» **Provided material**:
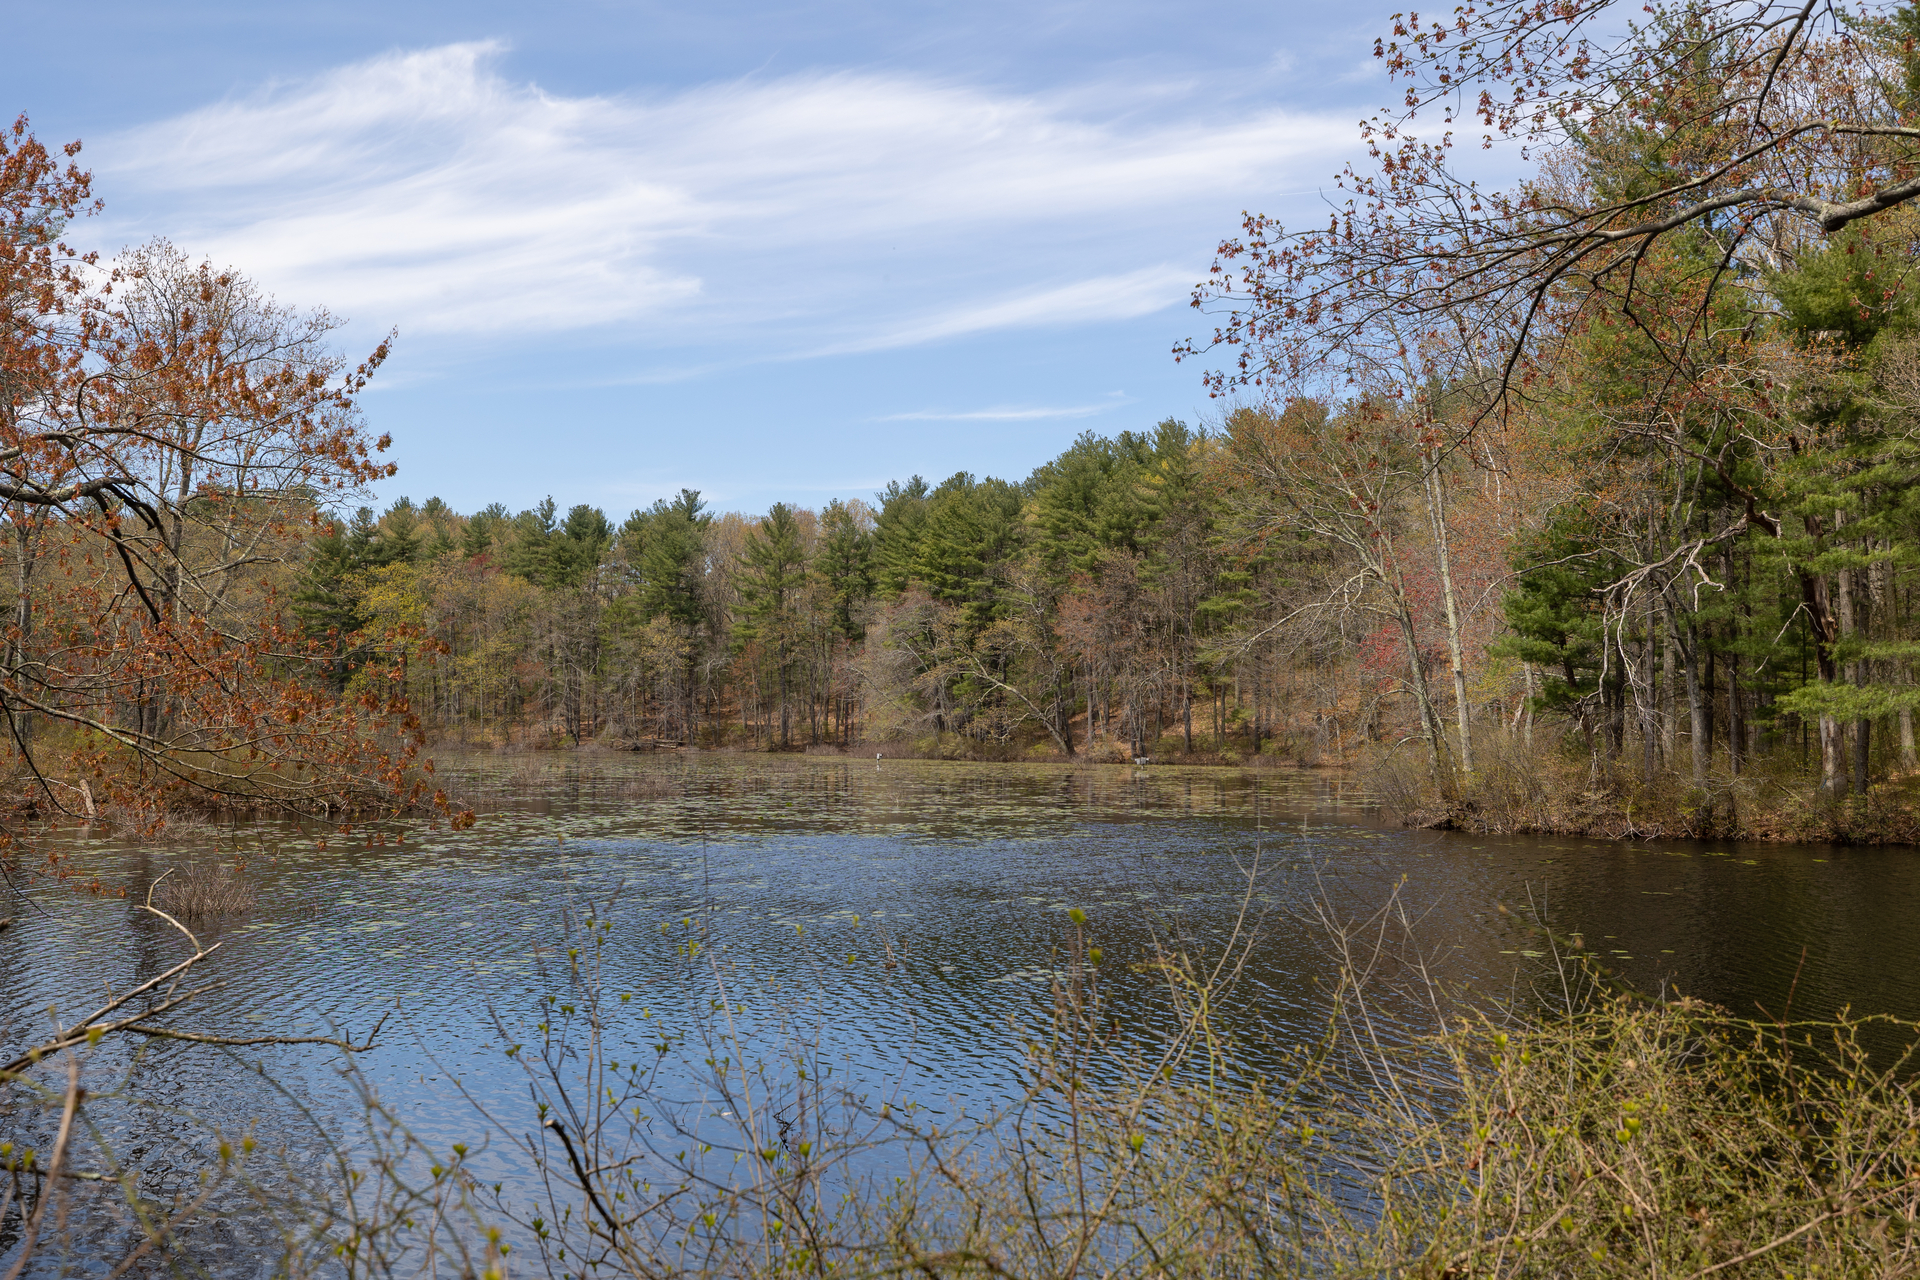 A pond with scattered Lily Pads. Bare trees and pine trees line the edges of the bank.
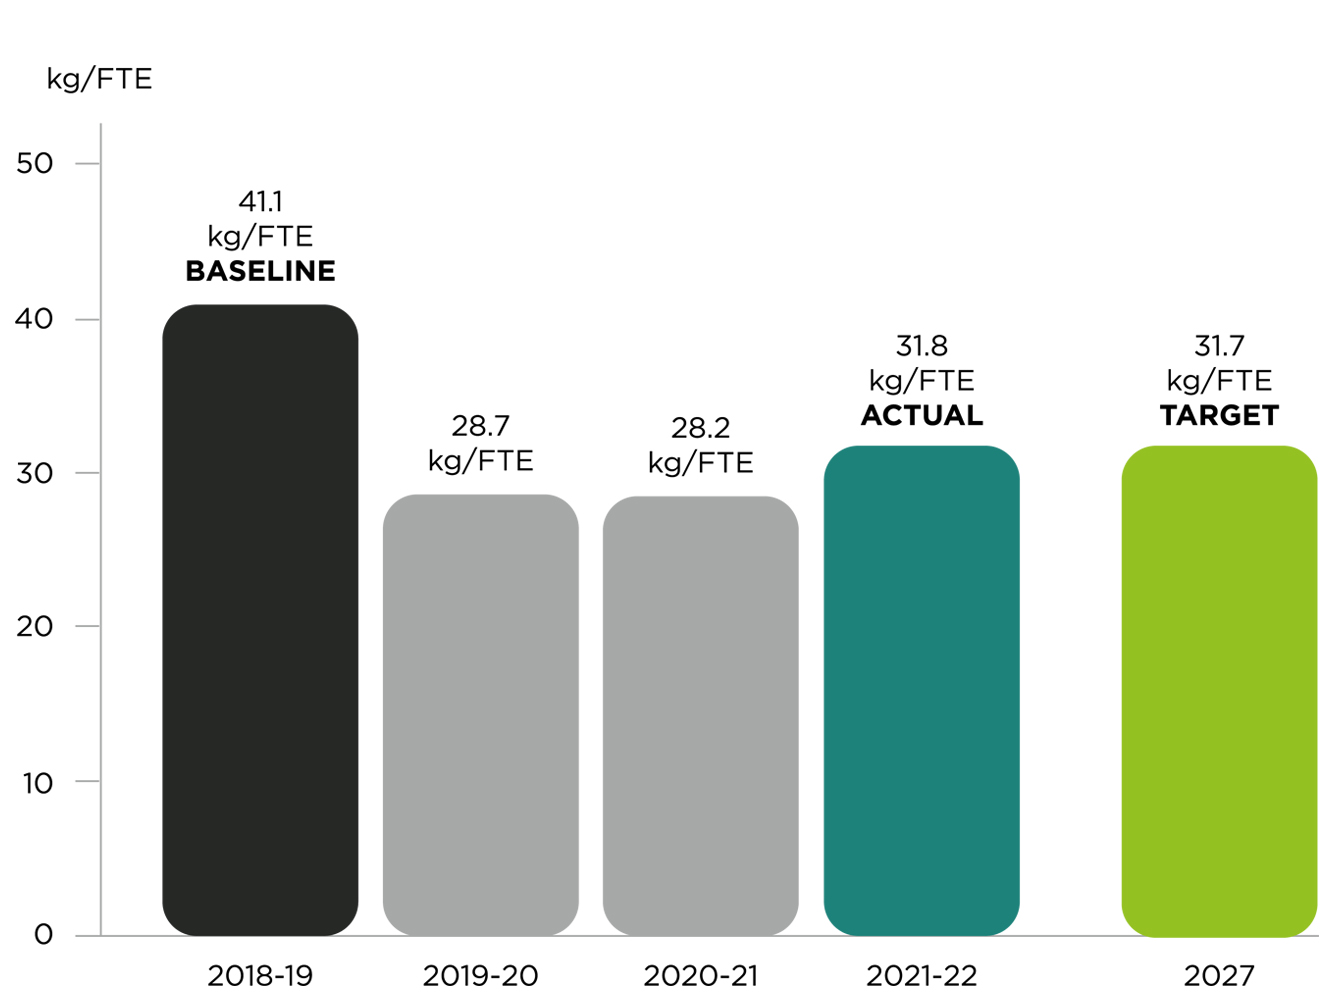 Overall waste reductions pattern for the university towards a 31.7kg/FTE goal by 2027
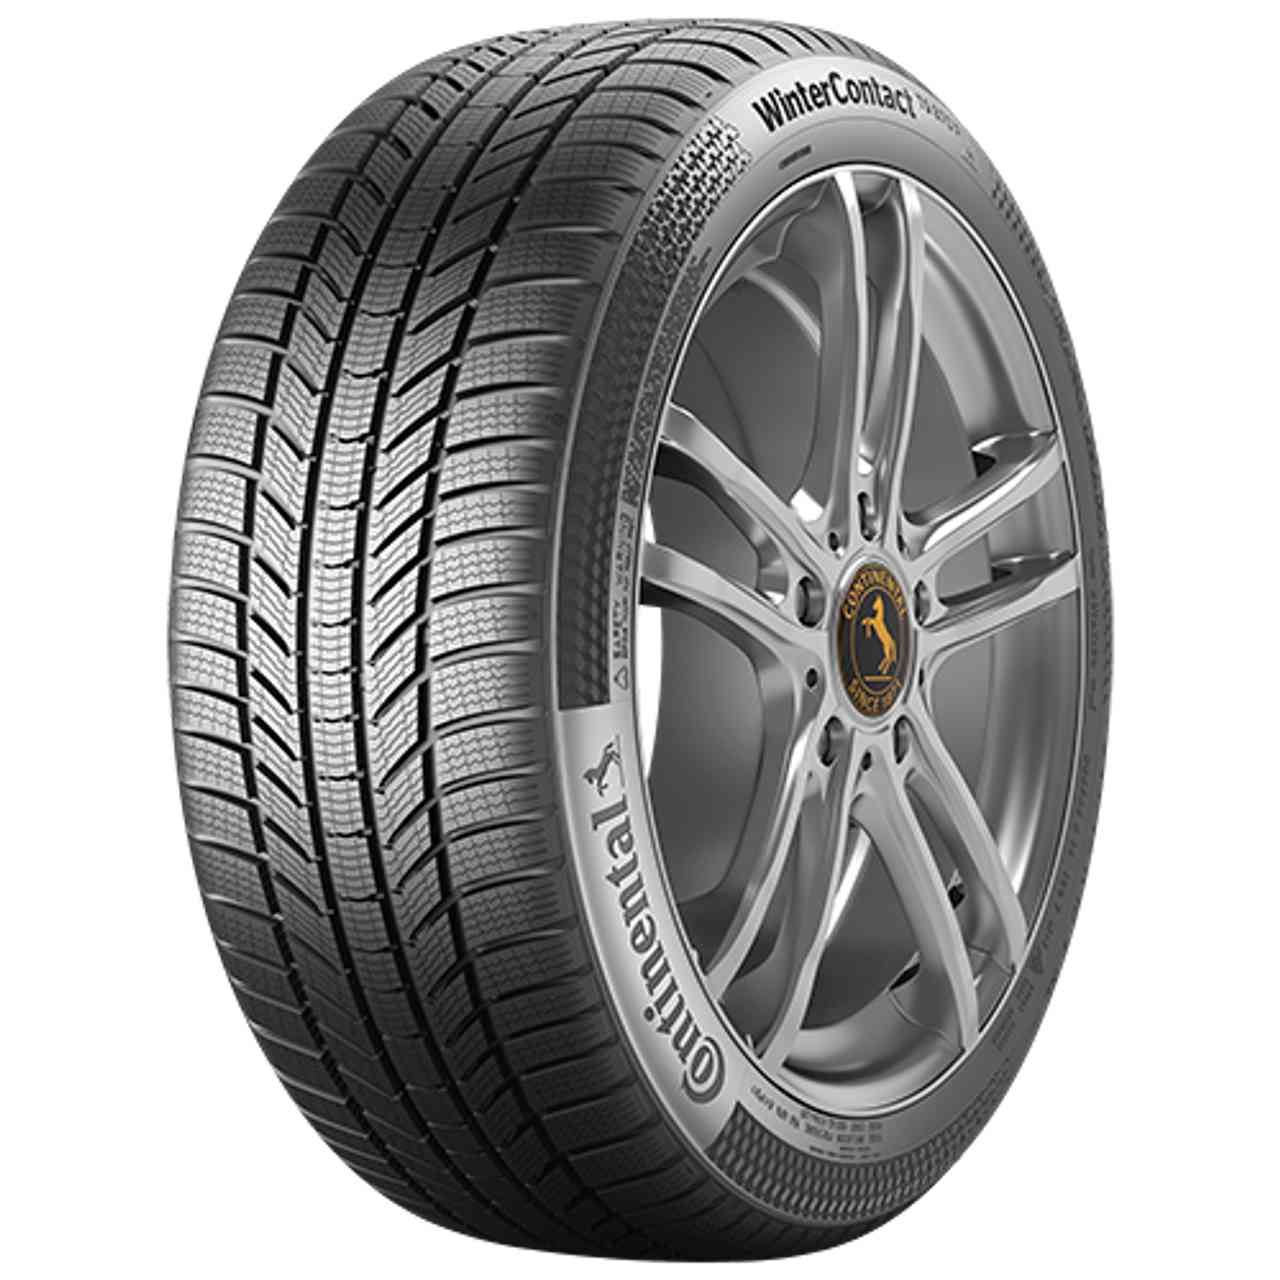 CONTINENTAL WINTERCONTACT TS 870 P (EVc) 215/50R18 92V FR BSW

» **Exercise description**: Would you repeat the material exactly, keeping out any pictures?

» **Written answer**:
 A pond with scattered Lily Pads. Bare trees and pine trees line the edges of the bank.
 Overall waste reductions pattern for the university towards a 31.7kg/FTE goal by 2027
 CONTINENTAL WINTERCONTACT TS 870 P (EVc) 215/50R18 92V FR BSW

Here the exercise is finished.